= Jürgen Dehmel =

German musician

Jürgen Dehmel (born 12 August 1958) is a German bass player and songwriter.

He was born in Berlin. Dehmel was brought by keyboardist Uwe Fahrenkrog-Petersen to join the rock band Nena in 1981. Fahrenkrog-Petersen and Dehmel had previously been together in a band called Odessa, releasing a self-titled album in 1980. The band also included Helmut Hirt on vocals, Otto Schneider on drums, Bernd Däumchen on guitar and saxophone, and Andreas Römer on solo-guitar.

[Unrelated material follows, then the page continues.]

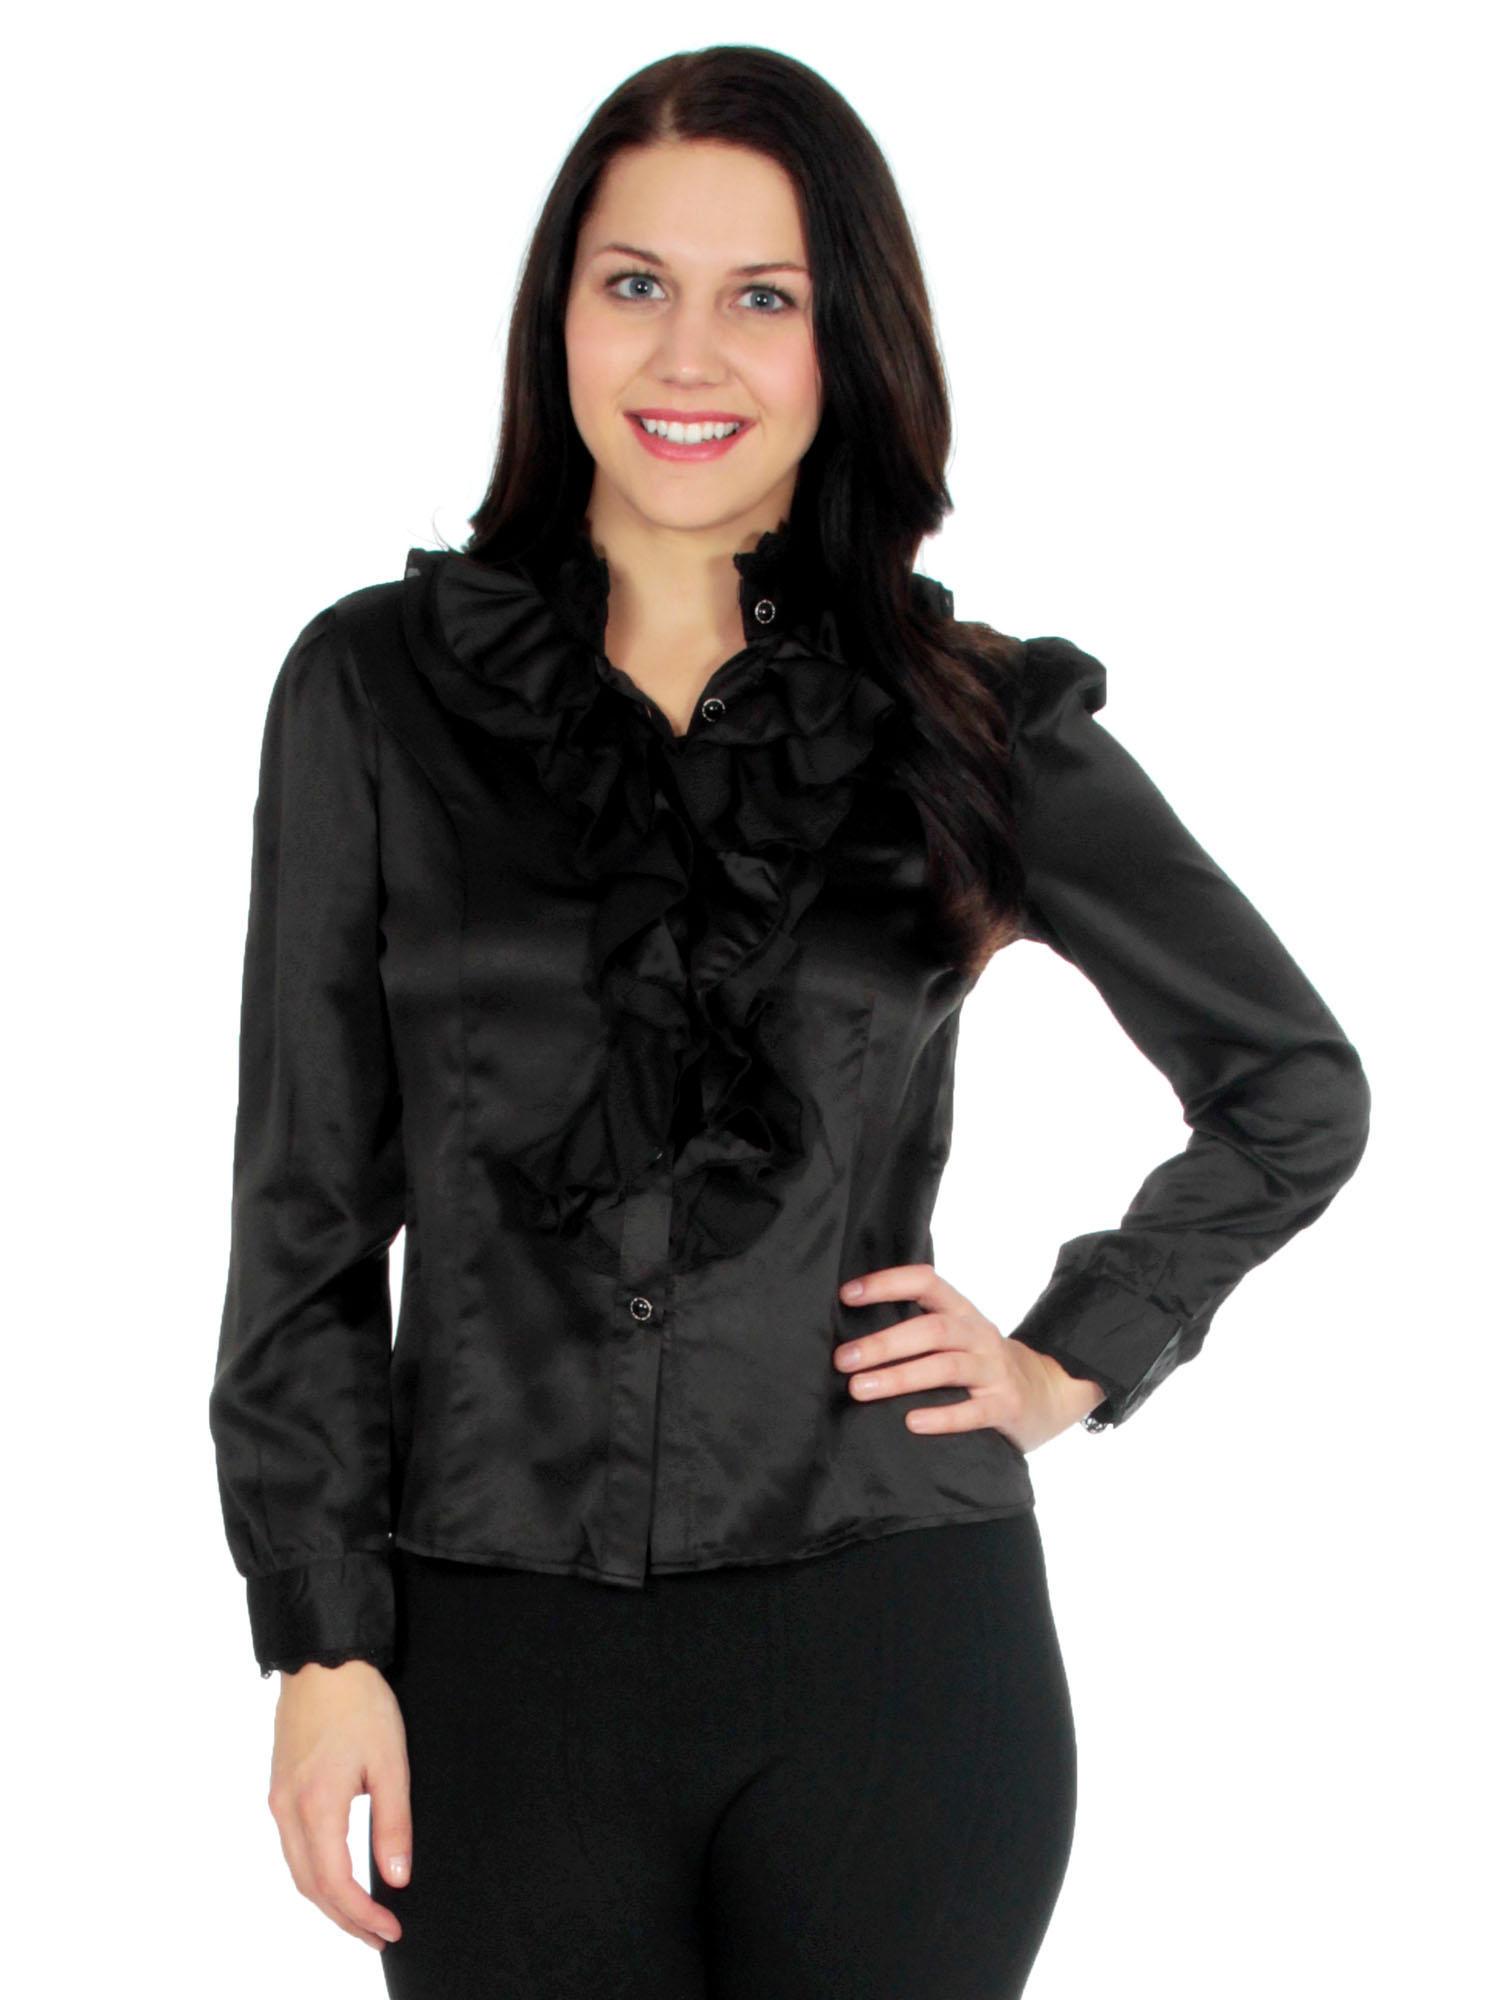 Ruffle Front Collar Shirt - Women's Dress Blouses and Tops
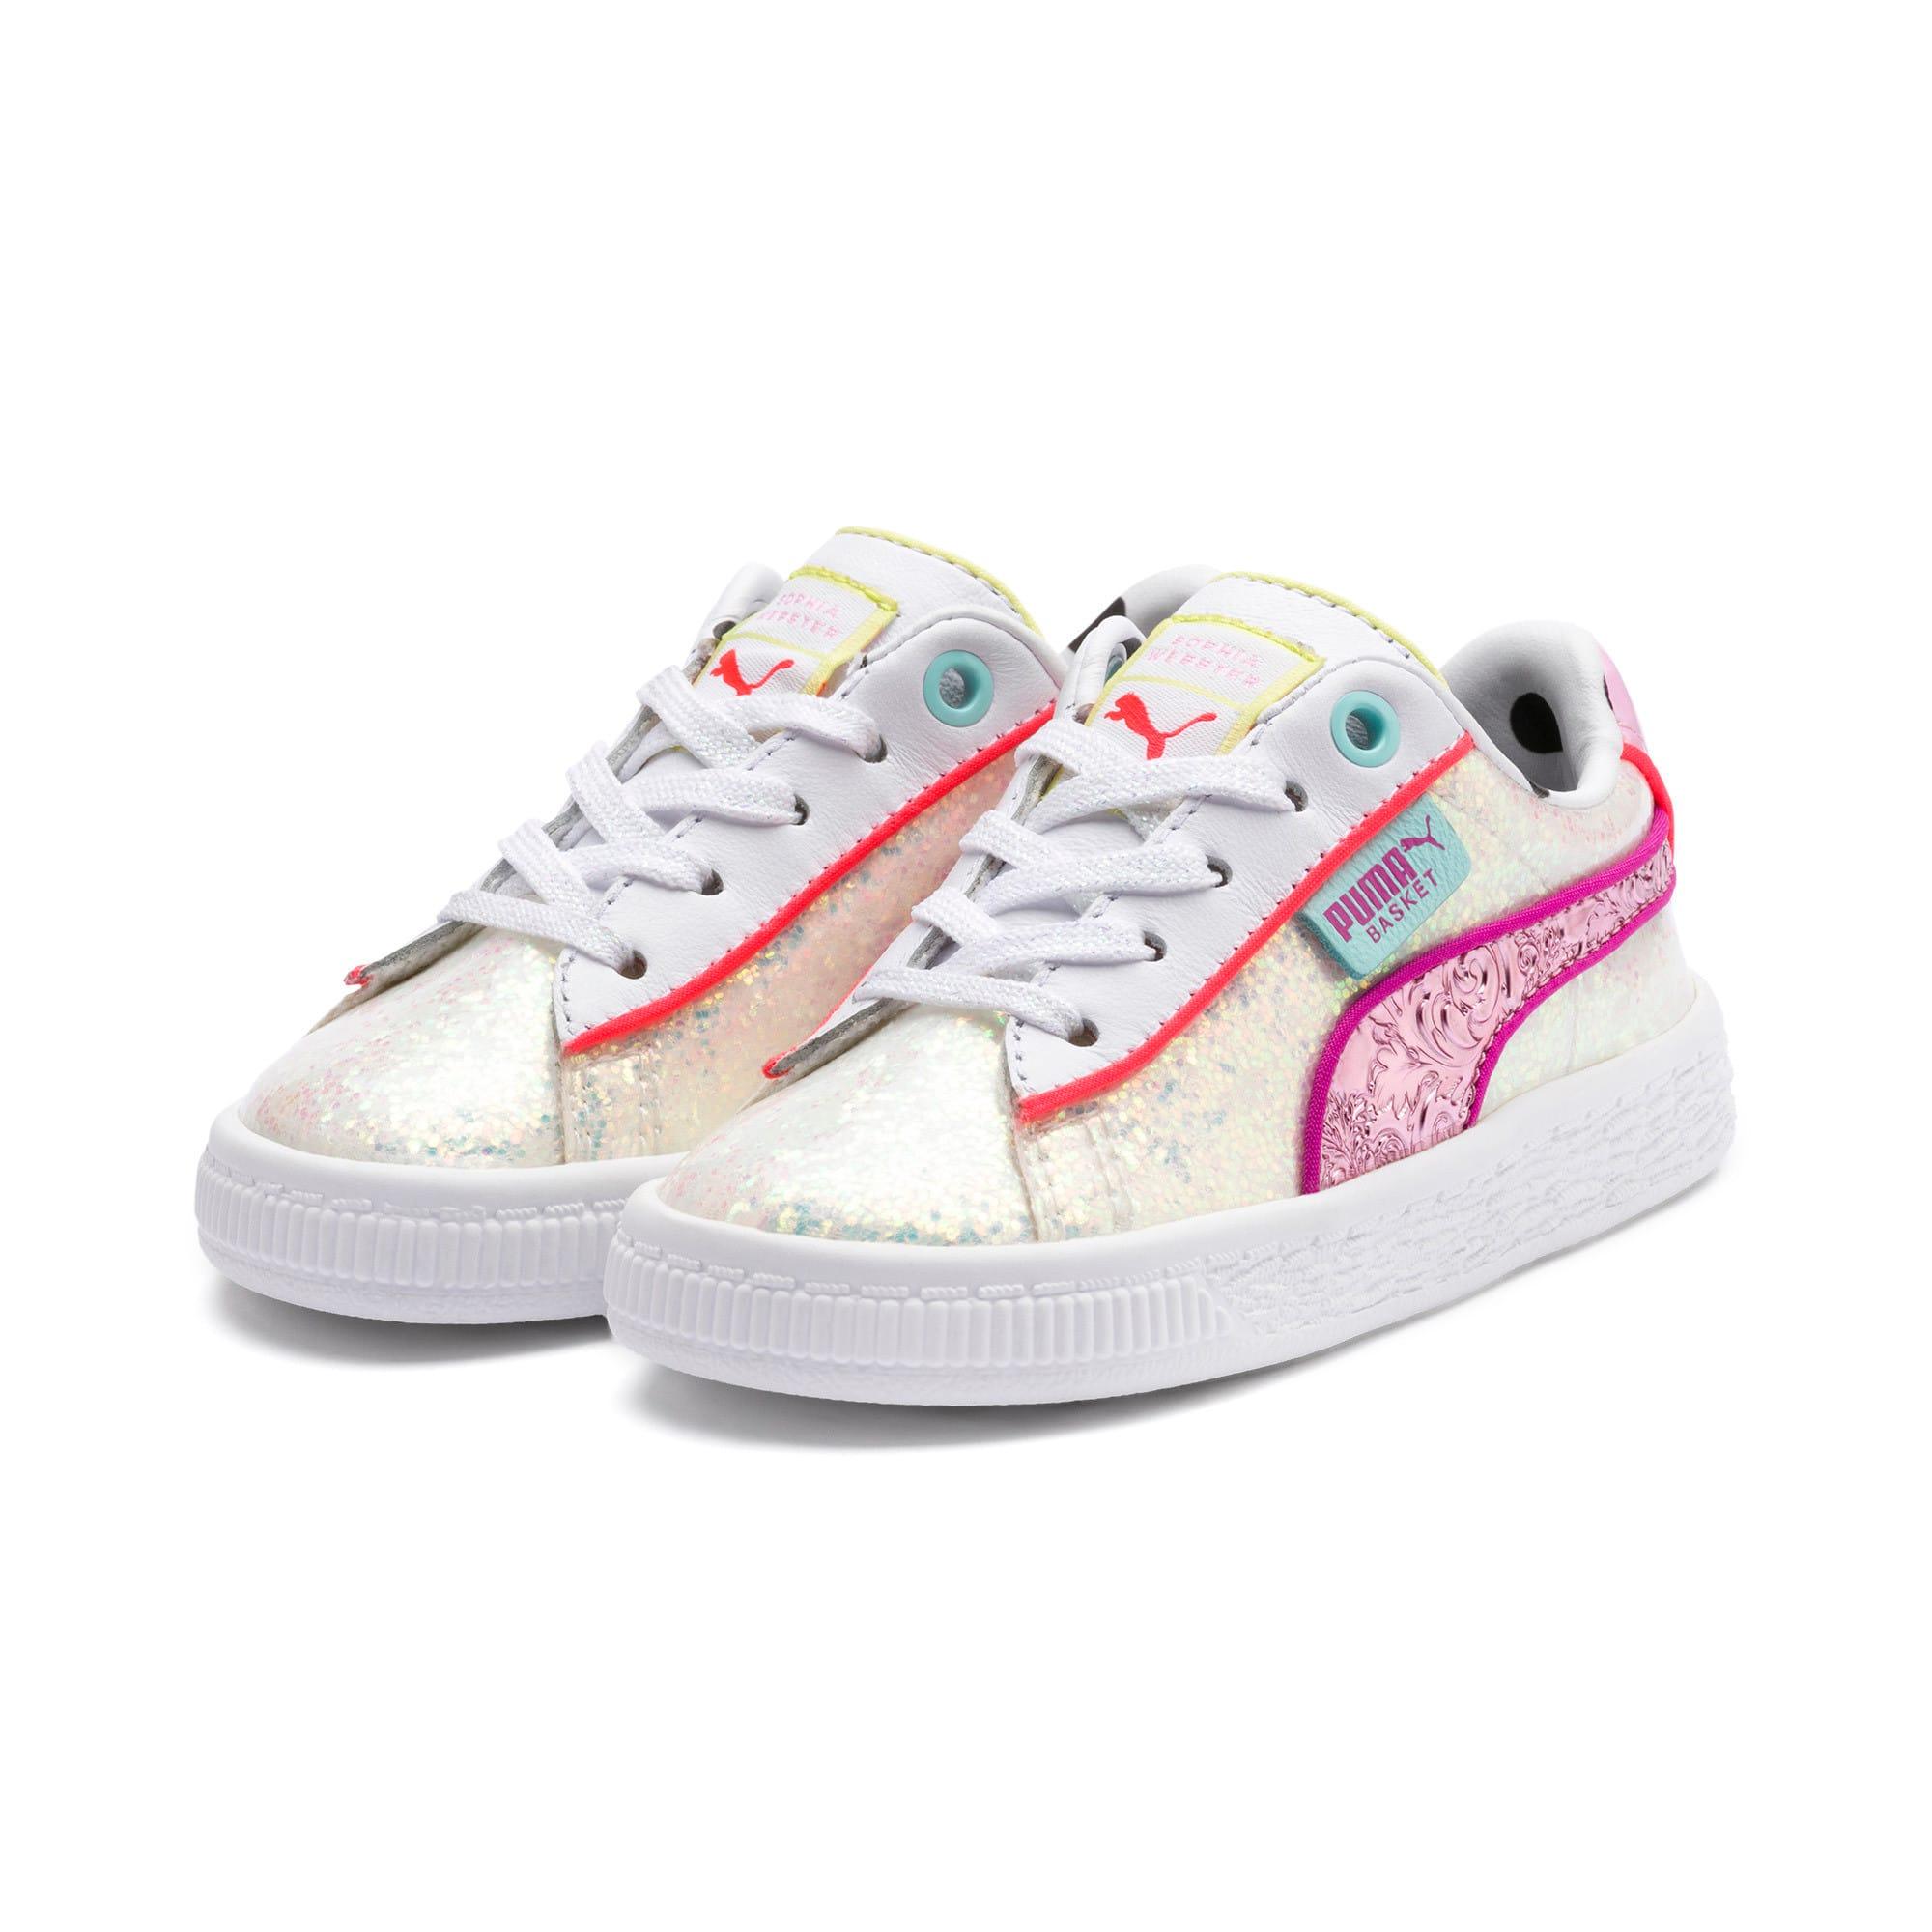 Miniatura 2 de ZapatosPUMA x SOPHIA WEBSTER Basket para bebés, Puma White-Pale Pink, mediano

Dehmel joined Nena in 1981, and he remained until the band split in 1986. He continued to collaborate with Nena in her solo career and on tour, co-writing several songs for her solo albums. In 1986 Nena and Dehmel produced an album for the band Time Boys, under the names of Jay-Dee and Susi K. He also wrote songs and produced soundtracks for German films, and toured frequently with the singer Nina Hagen. In 1988-89 he also wrote three songs with his girlfriend, Ilonka Breitmeier, for a Bosnian-American pop star called Tinka. In 1991, he co-produced the album The Band (a collection of Nena's best songs). He usually works from his home-built recording studio.

Dehmel was married to Nena's sister, Kristiane, from 1985 to 1987. Kristiane was a nurse at a hospital in Berlin.